Find textbooks and course materials in the library
Your assigned reading may already be available in the library. Assigned books can be found in the general library collection, in our Course Materials collection, or as e-books. You may even be able to borrow your assigned materials from another library!
- Check out the Introduction to MUSCAT Plus tutorial for tips on searching the library catalog for all kinds of materials.
- Follow the Finding and Reading E-books tutorial for more details on how to search for and access materials from the library’s multiple e-book providers.
- If your book isn’t available from Musselman Library, you can fill out the Course Materials Request and Reserves form, and library staff will investigate acquiring an ebook copy or physical text for our Course Materials collection. You may be also be able to get a copy on loan from another library using Interlibrary Loan.
Find free textbooks
Open Educational Resources (OER)
Your class may already be using a free kind of course materials called open educational resource, or OER. OER are openly licensed, meaning that they’re not only free to access, but also able to be modified by your professor to better fit your class. Open books are completely legal to duplicate, so you can print what you need without fear of copyright violation. You can have open textbooks printed at the campus print shop for a nominal fee, and some open textbooks even have low-cost print versions available for purchase (for example, see OpenIntro and OpenStax titles).
Public Domain
Some older books, music, films, and other creative and scholarly works may be available in the public domain, meaning they are no longer protected by copyright. For U.S. publications, works published 96 or more years ago are in the public domain. For these works, you may be able to find free digital copies. For books, begin your search with Standard Ebooks, the DPLA Palace Bookshelf, and Librivox (for audiobooks.)
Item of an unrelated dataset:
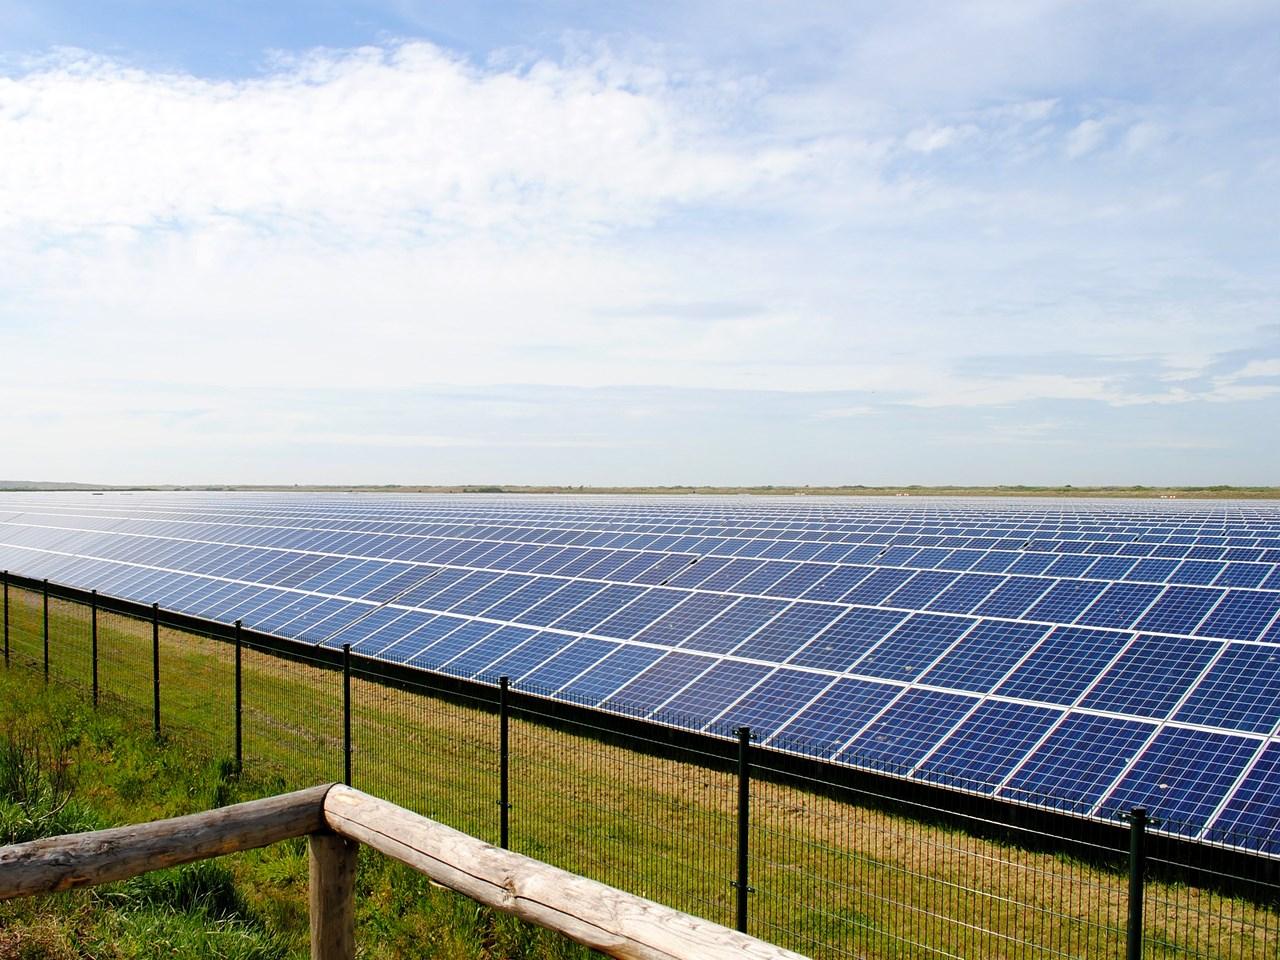 solar panel farm energy.jpg

Advocate for affordable textbooks
Student advocacy can influence a professor’s choice to assign free, open textbooks instead of expensive, commercial textbooks. For example, you can use your course evaluation to provide feedback on the assigned books or speak directly with your professor about how textbook costs have impacted you. Check out these fast facts and tips for advocating for OER from Canadian OER advocate Tiffany MacLennan or these student advocacy resources from the US Student PIRGs!
Questions? Comments?
Contact us at oer@gettysburg.edu.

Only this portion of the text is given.